Zerschlagene Scheiben, abgeblätterter Putz, feuchte Decken – in der Münchner Produktion der Lucia di Lammermoor wird bereits auf den ersten Blick ersichtlich, wie schlecht es um die Familie Ashton steht. Fast schon thrillerartig wird dem Publikum der Untergang der Lucia vorgeführt, wobei der Inszenierung von Barbara Wysocka am Ende der große Rahmen fehlt.
Das eigentlich in Schottland spielende Meisterwerk Donizettis verlegt Wysocka ins Amerika der 50er- und 60er-Jahre und stattet Edgardo als Rock’n’Roller mit Lederjacke aus, der mit cremefarbenem Cadillac auf die Bühne rollt – beängstigend oberflächlich, bedenkt man, dass auch Edgardos Charakter gerade schwere Schicksalsschläge zu verkraften hatte.
Wysocka möchte mit ihrer Inszenierung die „Psyche des Raums“ unterstreichen und mit nur minimalen regietechnischen Einfällen die Musik in den Mittelpunkt rücken. Das Konzept geht deshalb auf, weil das Ensemble die schauspielerische Qualität mitbringt, um Fremdbestimmtheit, Geldgier, Schuldgefühle und natürlich wahre Liebe eindrücklich zu präsentieren. Der Raum allerdings hat seinen psychologisierten Reiz nach dem zweiten Akt verloren, da eine Weiterentwicklung lediglich vom Ensemble ausgeht.
Über die vergangenen Jahre hinweg hat sich Diana Damrau die Rolle der Lucia immer mehr zu eigen gemacht und an diesem Abend bewies sie eindrücklich, dass ihre Lucia zur Zeit ihresgleichen sucht. Die Entwicklung von der jugendhaft Verliebten zur krankhaft Wahnsinnigen ist verstörend und technisch einwandfrei. Traf sie im „Regnava nel silencio“ einen lyrischen Ton voller Farbenfreude und Emotionalität, wandelte sich dieser zu einem dramatisch, verzweifelten, der im „Il Dulce Suono“ gipfelte. Spitzentöne in feinem Piano wirkten wie fiebrige Erscheinungen, begleitet von der gespenstisch wirkenden Glasharmonika. Hysterisches Lachen wechselte sich ab mit höchstakkuraten Koloraturen. Fünfzehn Minuten Wahnsinn, der das Publikum unbeweglich im Stuhl fesselte.
Als ebenbürtiger Partner für Damrau erwies sich Charles Castronovo in der Rolle des Edgardo, der mit klarem, dunklem Tenor seine Rolle mit einiger Substanz füllte.

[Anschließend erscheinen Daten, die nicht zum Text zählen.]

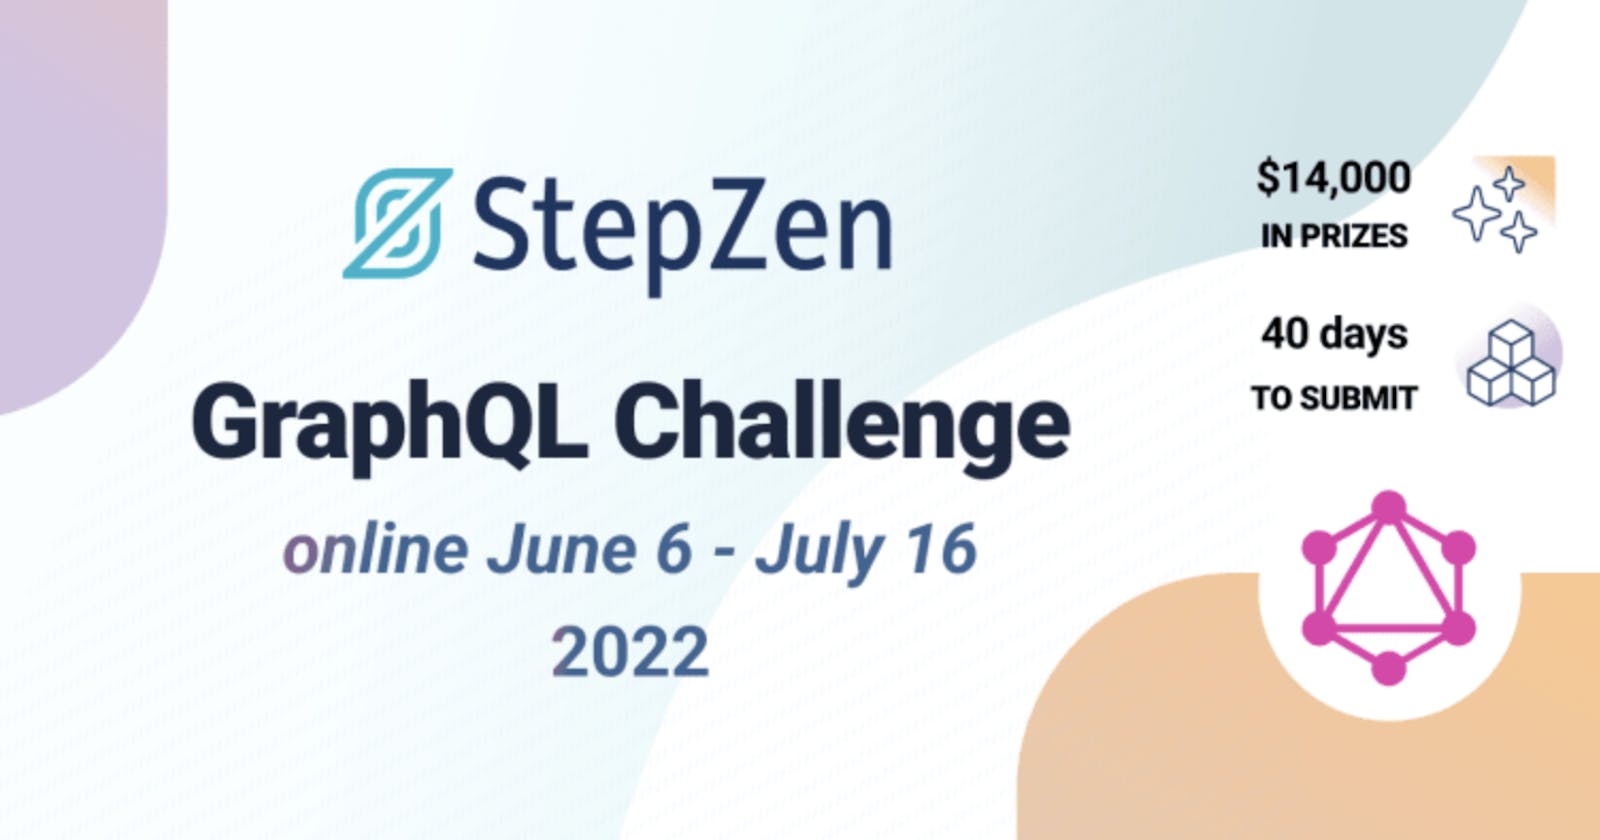 Announcing the StepZen GraphQL Challenge Hackathon

Castronovo wählte einen lyrischen Ansatz, der mit fließendem Timbre an den richtigen Stellen gut dosierte Emotionen nicht vermissen ließ. Besonders stark war seine Arie „Tu che a Dio spiegasti l’ali“ kurz vor seinem Tod, die er mit sehnsuchtsvollen Schluchzern und großer Erzählkraft ausstattete.